Oil prices fall again: Is commodities boom ending?

Rising oil prices have been part of a surge for commodities like gold and silver. The drop in oil prices this week suggests that that surge might be ending.

Mary Altaffer/AP
Traders work the crude oil options pit at the New York Mercantile Exchange Friday in New York. Oil prices recovered after the US government said the economy added 244,000 jobs in April.

Oil prices fell again Friday despite a strong report on the US job market, capping a week in which the price of petroleum fell about 15 percent.

After hitting a two-year high of $114.83 per barrel in Monday trading, oil closed Friday at $97.18 in US markets.

The drop came as investors have also put downward pressure on prices for other commodities, from silver to industrial metals and grains. The broad complex of commodities took a sharp dive on Thursday, raising questions of whether a months-long boom in this sector of investing may be drawing to a close.

At the very least, it has lost some steam for several reasons. One is signs that the global economy may not be as strong as investors were assuming earlier this spring, suggesting that demand might be low. Another is that, once a hot investment trend looks like it might be peaking, money often flows out. Silver, in particular, posted such a sharp drop this week that some analysts said a speculative bubble had burst.

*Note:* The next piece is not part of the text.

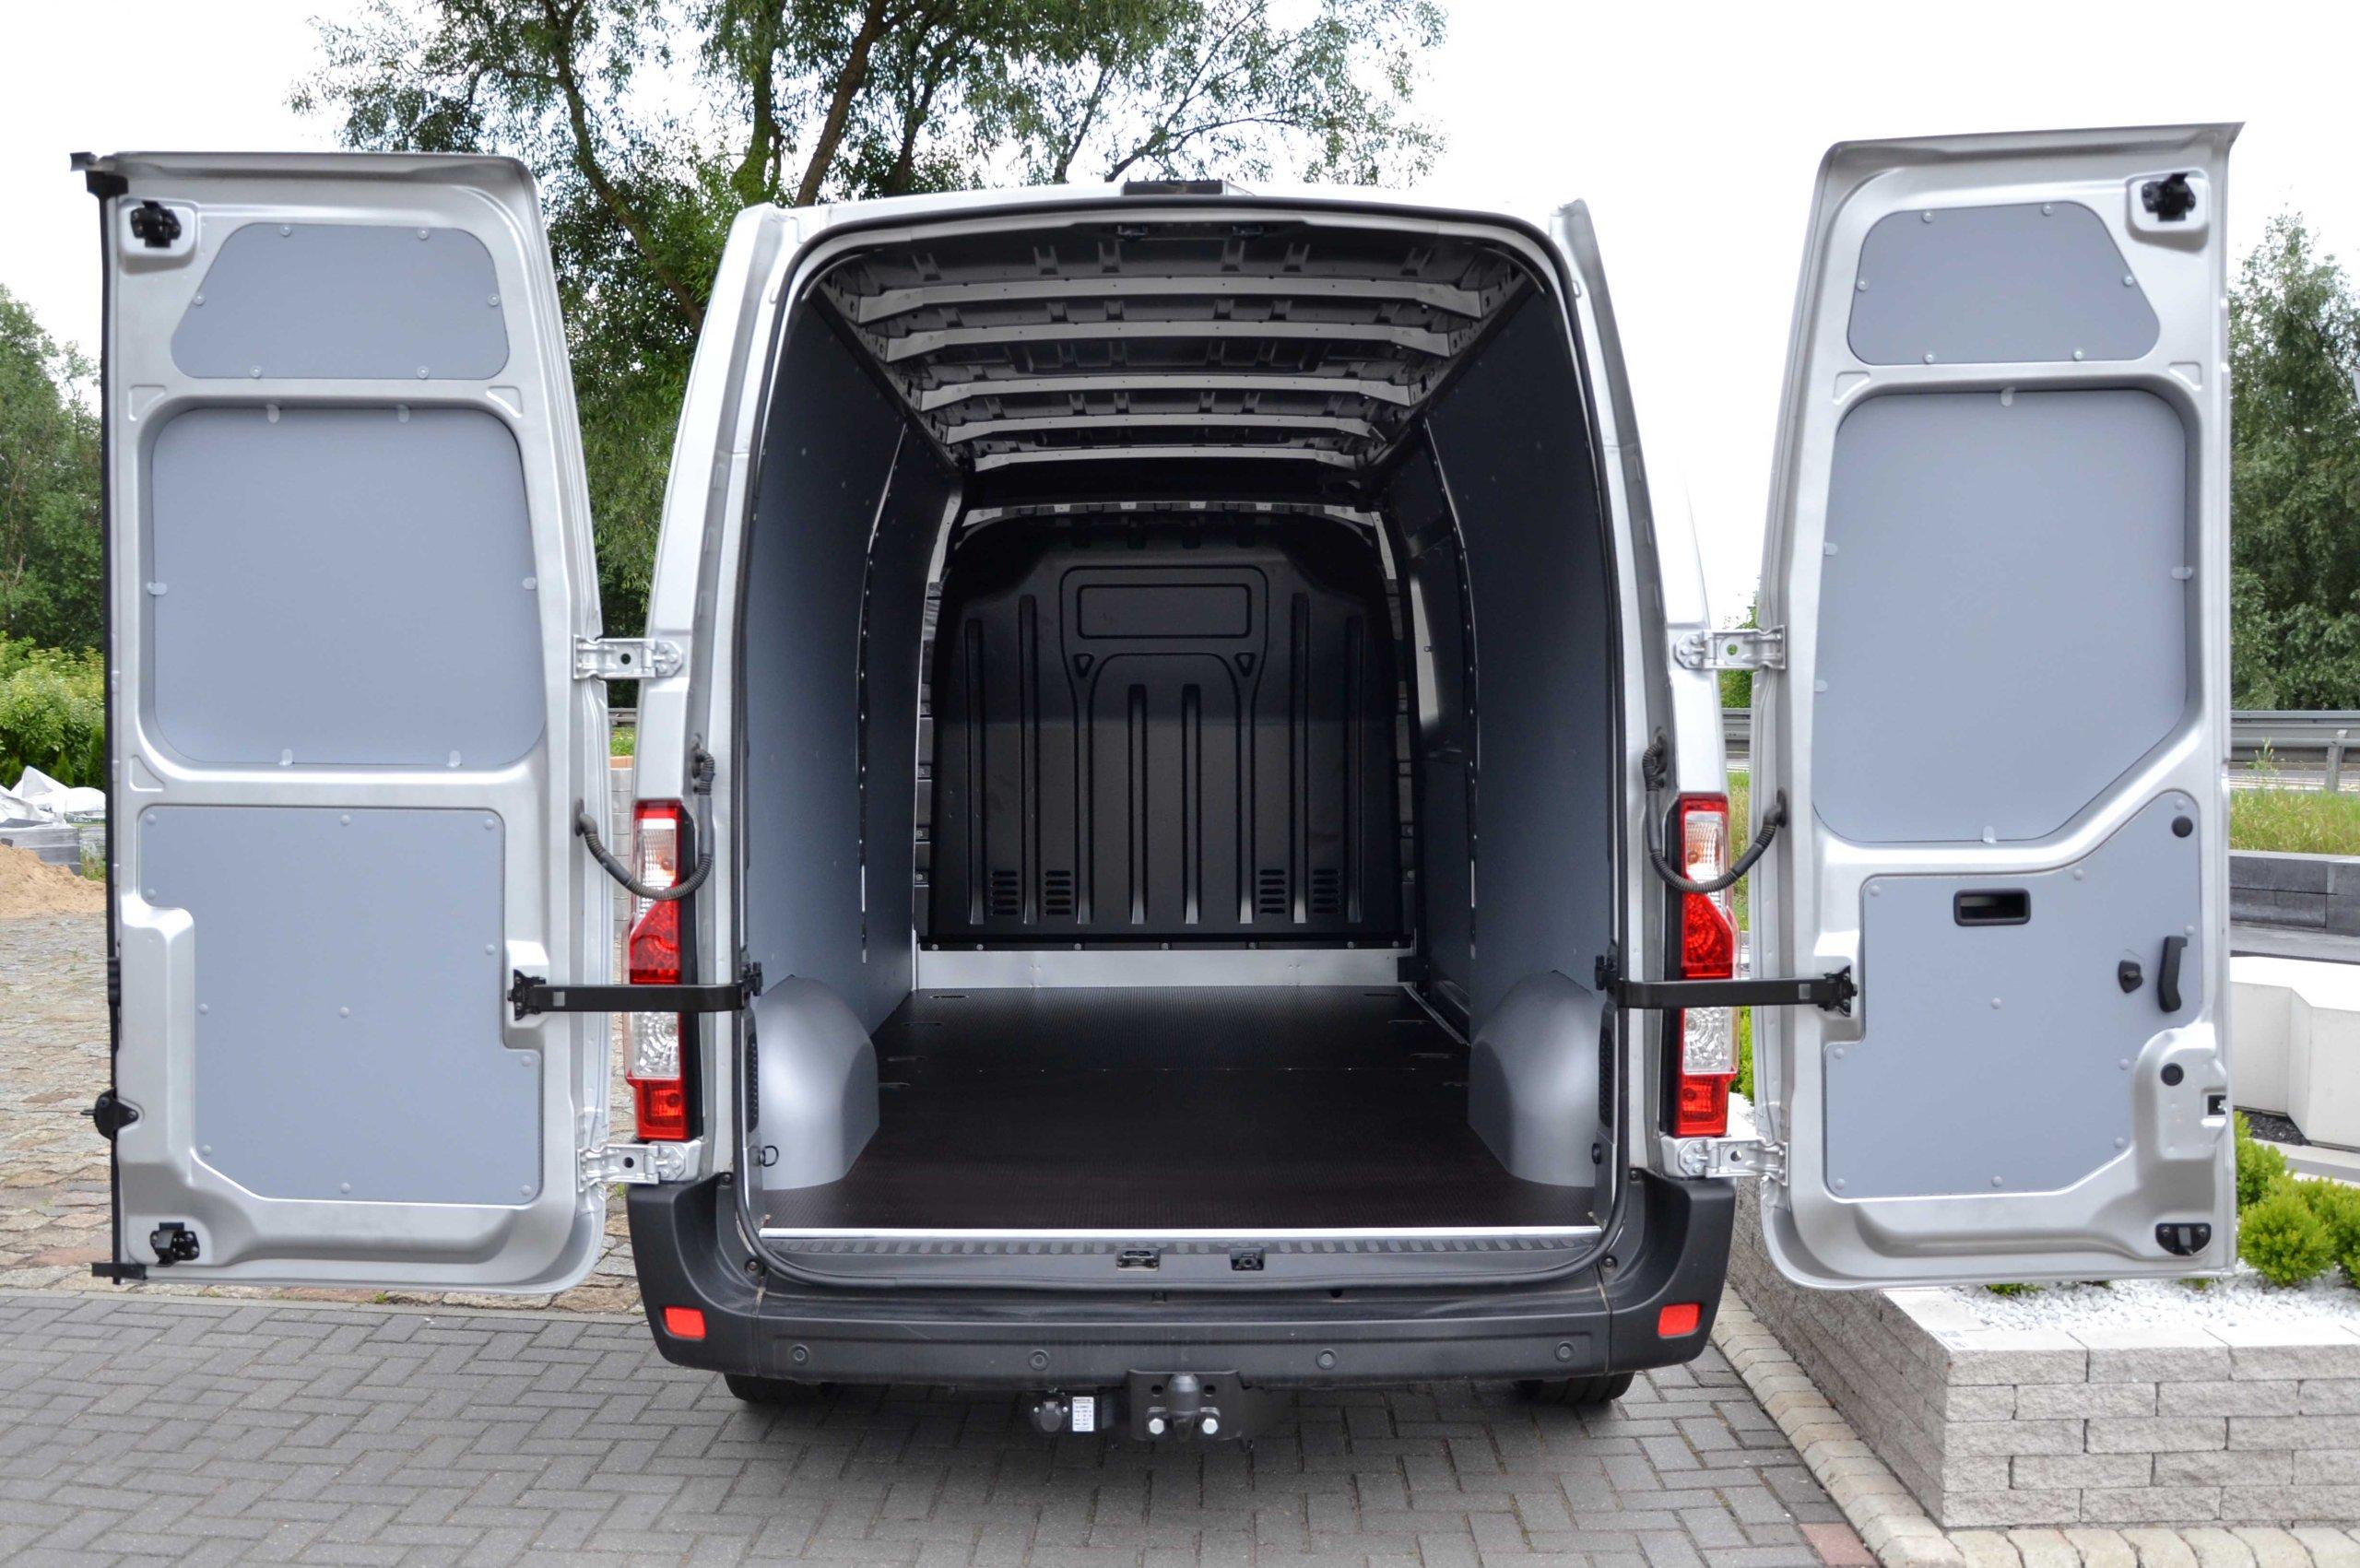 Peugeot Bipper Zabudowa Auta Dostawczego Sklejka 7101737091

"The commodity bubble may be beginning to break as others join us in thinking about a hard landing in China, falling US house prices, and troubles in Japan and the eurozone," economist Gary Shilling, a forecaster based in Springfield, N.J., wrote in a report to clients earlier this month.

Other forces could support commodity prices, though. If the outlook for global economic growth turns positive again, so will the outlook for raw-material use. And investors have been turning to gold and natural-resource investments as a hedge against inflation.

Mr. Shilling, though taking a bearish outlook on commodities in general, says oil may be an exception because of uncertainty about politics in the key oil-producing region spanning the Middle East and North Africa.

Oil prices tend to rise on signs of strength in the economy, since that can boost demand. But if they rise too far too fast, as occurred in 2008 for example, price spikes in oil can help cause recessions or make them worse.

A stronger-than-expected report on the US job market – with 244,000 jobs created in April – initially caused oil to rise during US trading. But by the end of the day prices were down by more than $2 per barrel.

Some analysts say it's possible oil has seen its peak for the year, which would be welcome news for consumers. Gasoline prices have risen by about $1 per gallon during the past year.

One explanation for the recent pullback in commodity prices is a recent strengthening US dollar in foreign-exchange markets.

Commodities such as oil and silver are bought and sold in dollars. When the dollar is weak, those commodities look cheaper to holders of foreign currency so they buy. Conversely, when the dollar rises, commodities look more expensive. So they sell.

If the recent trend reverses and the dollar starts declining again, commodities including oil could experience a renewed updraft.

Material from the Associated Press was used in this story.